Conventional sensing systems such as the analog-to-digital convertor saturate or clip whenever the signal crosse the maximum recordable voltage. In contrast, the unlimited sensing strategy is based on a radically new sampling architecture and comes with recovery guarantees.
Sensing Model
The key novelty of our approach is that instead of (potentially clipped) pointwise samples of the bandlimited function, we work with folded amplitudes with values in the range \(\left[ { - \lambda ,\lambda } \right]\). Mathematically, this folding corresponds to injecting a non-linearity in the sensing process. This amounts to,
\[ \begin{equation} \mathscr{M}_{\lambda}:f \mapsto 2\lambda \left( {\fe{ {\frac{f}{{2\lambda }} + \frac{1}{2} } } - \frac{1}{2} } \right), \label{map} \end{equation} \]
where \(\ft{f} = f - \flr{f} \) defines the fractional part of \(f\) and \(\lambda>0\) is the ADC threshold. Note that \(\eqref{map}\) is equivalent to a centered modulo operation. By implementing the mapping \(\eqref{map}\), it is clear that out-of-range amplitudes are folded back into the dynamic range \(\left[ { - \lambda ,\lambda } \right]\). This is shown in Fig:1.

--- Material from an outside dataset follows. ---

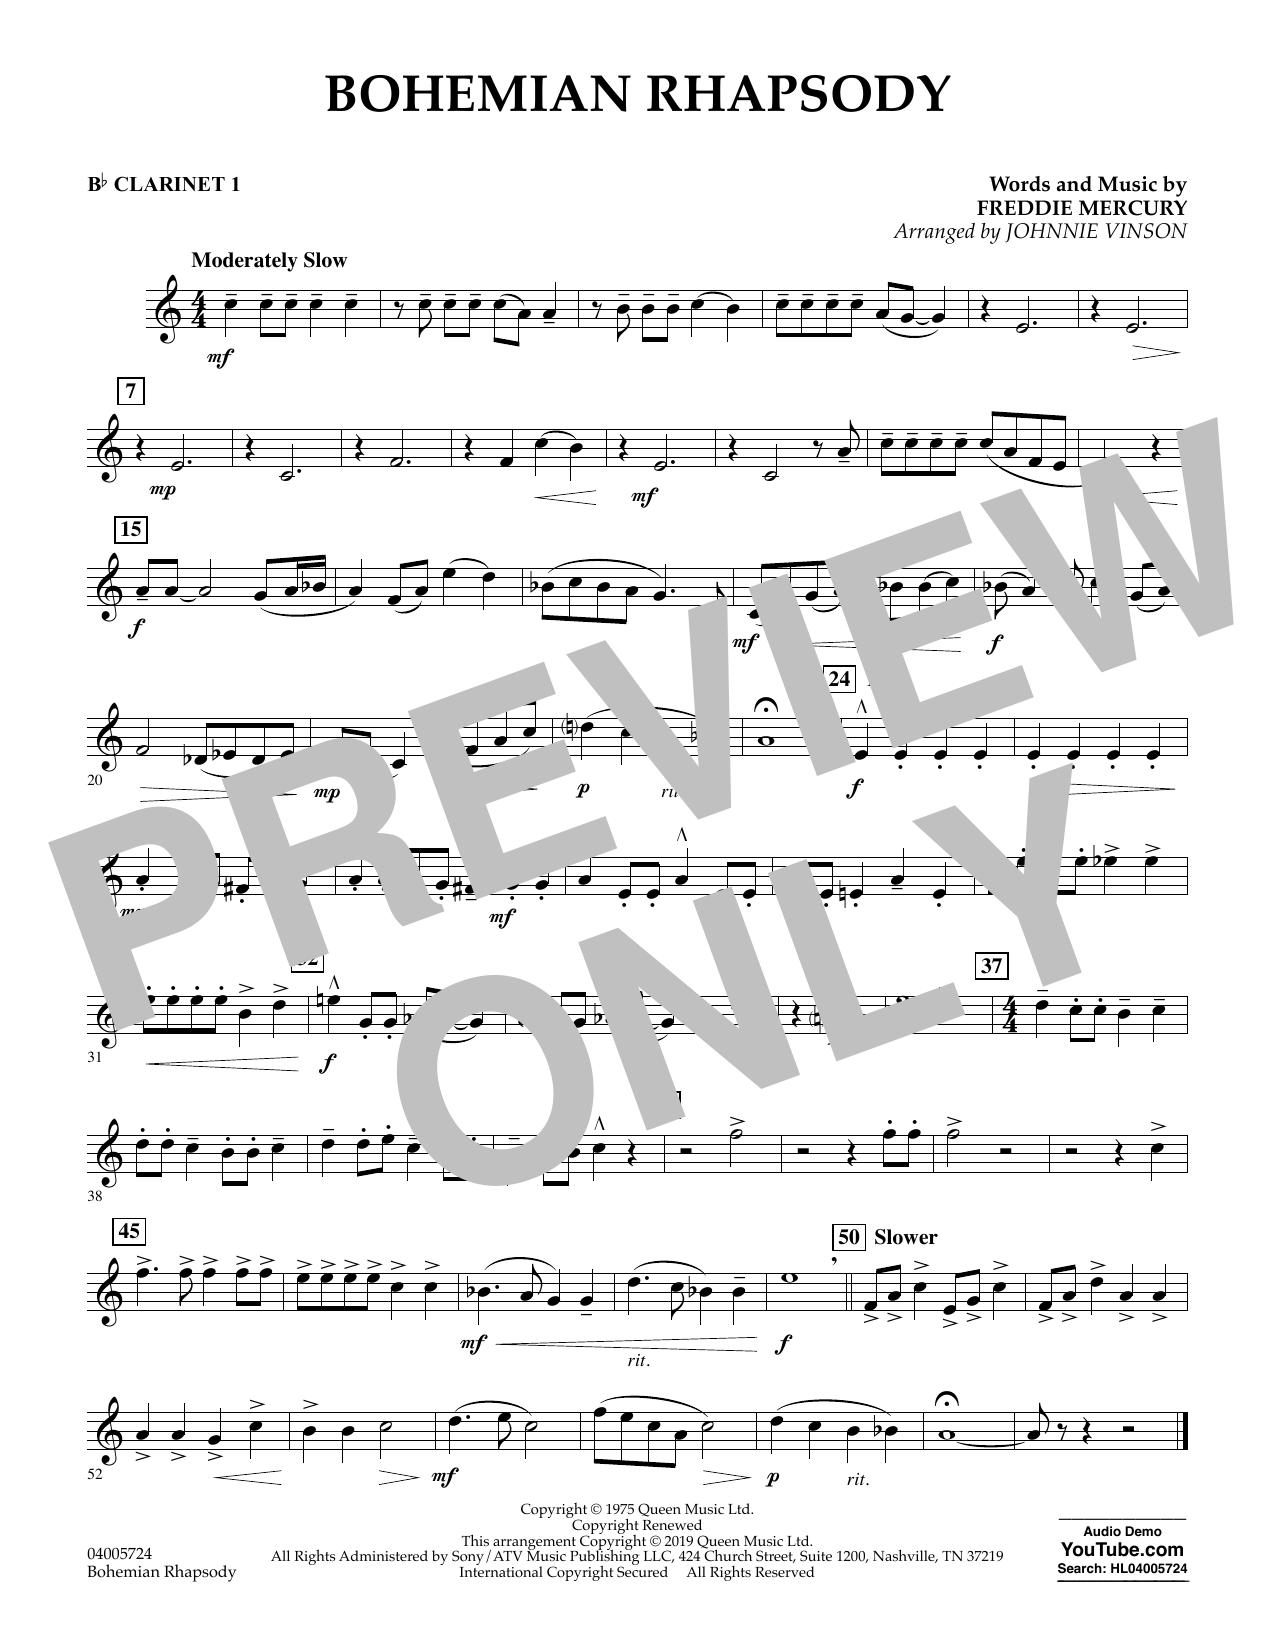 Bohemian Rhapsody (arr. Johnnie Vinson) - Bb Clarinet 1 (Concert Band)
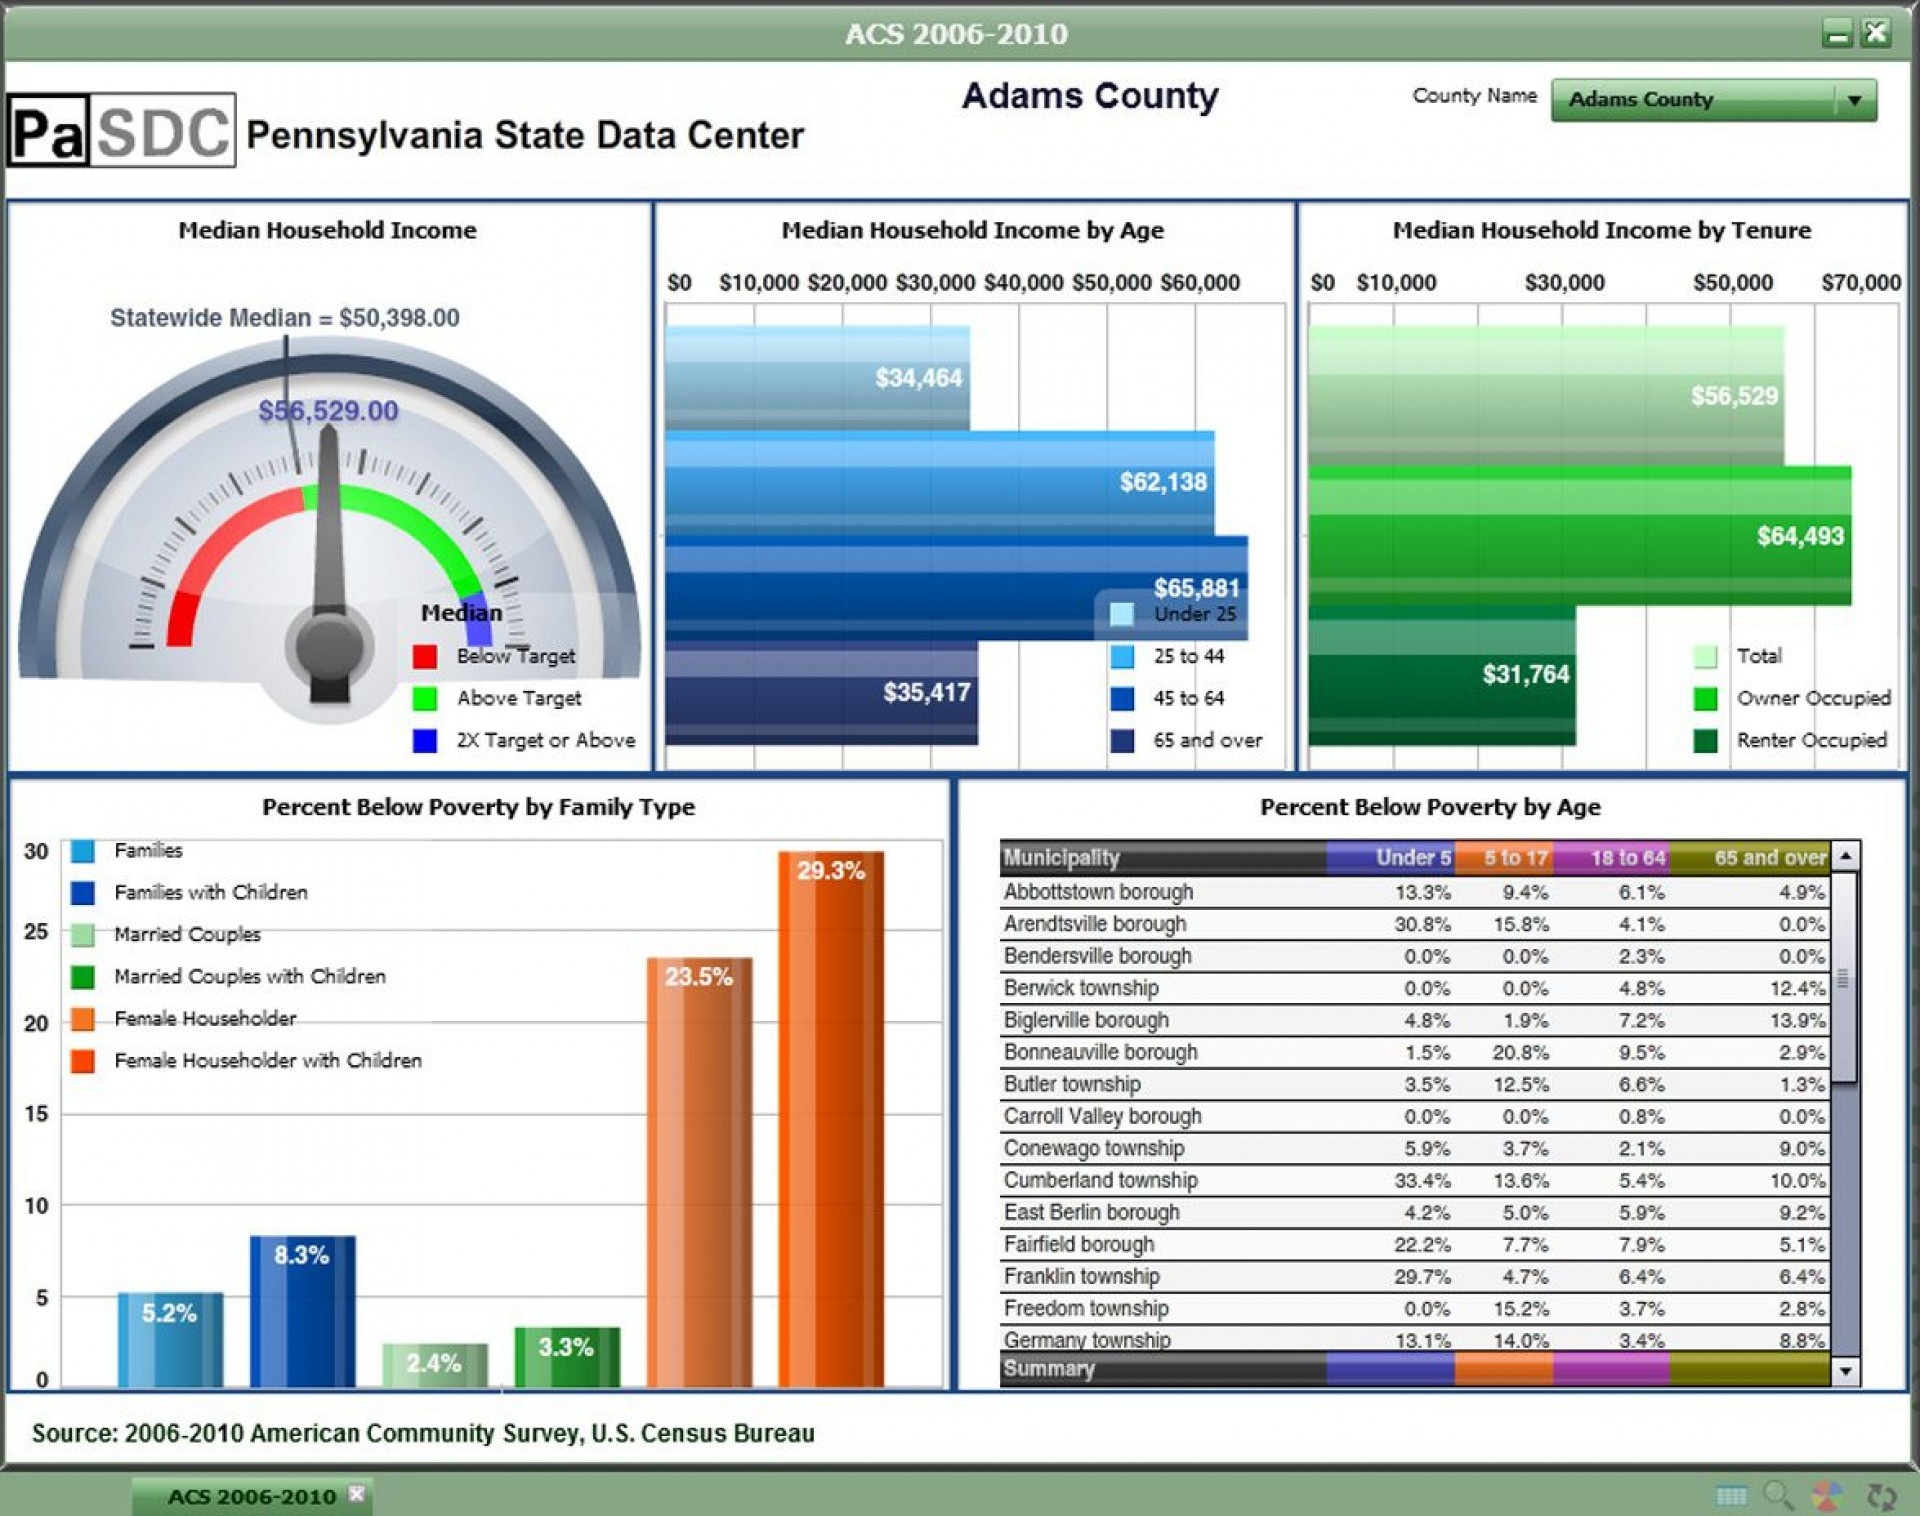 002 Frightening Excel Dashboard Template Free High Definition  Sale Logistic Kpi Download Procurement1920

Example of Real Experiment
To appreciate the practical utility of the Unlimited Sampling strategy, here we show an experiment based on our prototype hardware. We show that voltages from the UK Mains (power socket, 50V) can be stored and reconstructed on a digital device such as a µ-controller or a MacBook. This cannot be possible using any existing, digitizing technology which will either saturate or crash.
Recovery — A First Result: The Unlimited Sampling Theorem
Recovery Conditions
In analogy to Shannon’s sampling theorem, our first result [1], the Unlimited Sampling Theorem proves that a bandlimited signal can be recovered from modulo samples provided that a certain sampling density criterion, that is independent of the ADC threshold, is satisfied. In this way, our result allows for perfect recovery of a bandlimited function whose amplitude exceeds the ADC threshold by orders of magnitude.
Theorem (BKR, 2017 [1]) Let \(f(t)\) be a function with no frequencies higher than \(\Omega\) (rad/s), then a sufficient condition for recovery of \(f(t)\) from its modulo samples \(y_k = \MO{f(t)}, t = kT\), \(k\in\mathbb{Z}\) is,
\[ \begin{equation} T \leq \frac{1}{2\Omega e}. \label{TUS} \end{equation} \]
Uniqueness Conditions
In fact, there is a one-to-one mapping between a bandlimited function and its modulo samples provides that the sampling rate is higher than the critical rate of the Nyquist rate, \(T<\pi/\Omega\). The Injectivity Conditions are proved in [2].
Theorem (BK, 2019 [2]) Let \(f(t)\) be a finite-energy function with no frequencies higher than \(\Omega\) (rad/s). Then the function \(f(t)\) is uniquely determined by its modulo samples \(y_k = \MO{f(t_k)}\) taken on grid \(t = kT_\epsilon\), \(k\in\mathbb{Z}\) where
\[ 0<T_\epsilon< \frac{\pi}{\Omega+\epsilon}, \quad \epsilon>0. \]
Bounded Noise and Quantization
When working with bounded noise, we assume that the modulo samples \(y[k]\) are affected by noise \(\eta\) of amplitude bounded by a constant \( \bo > 0\). That is,
\[ \begin{equation} \forall k \Z, \quad \YN\left[ k \right] = y[k] + \eta\left[ k \right], \quad \left| {\eta \left[ k \right]} \right| \leqslant {\bo}. \end{equation} \]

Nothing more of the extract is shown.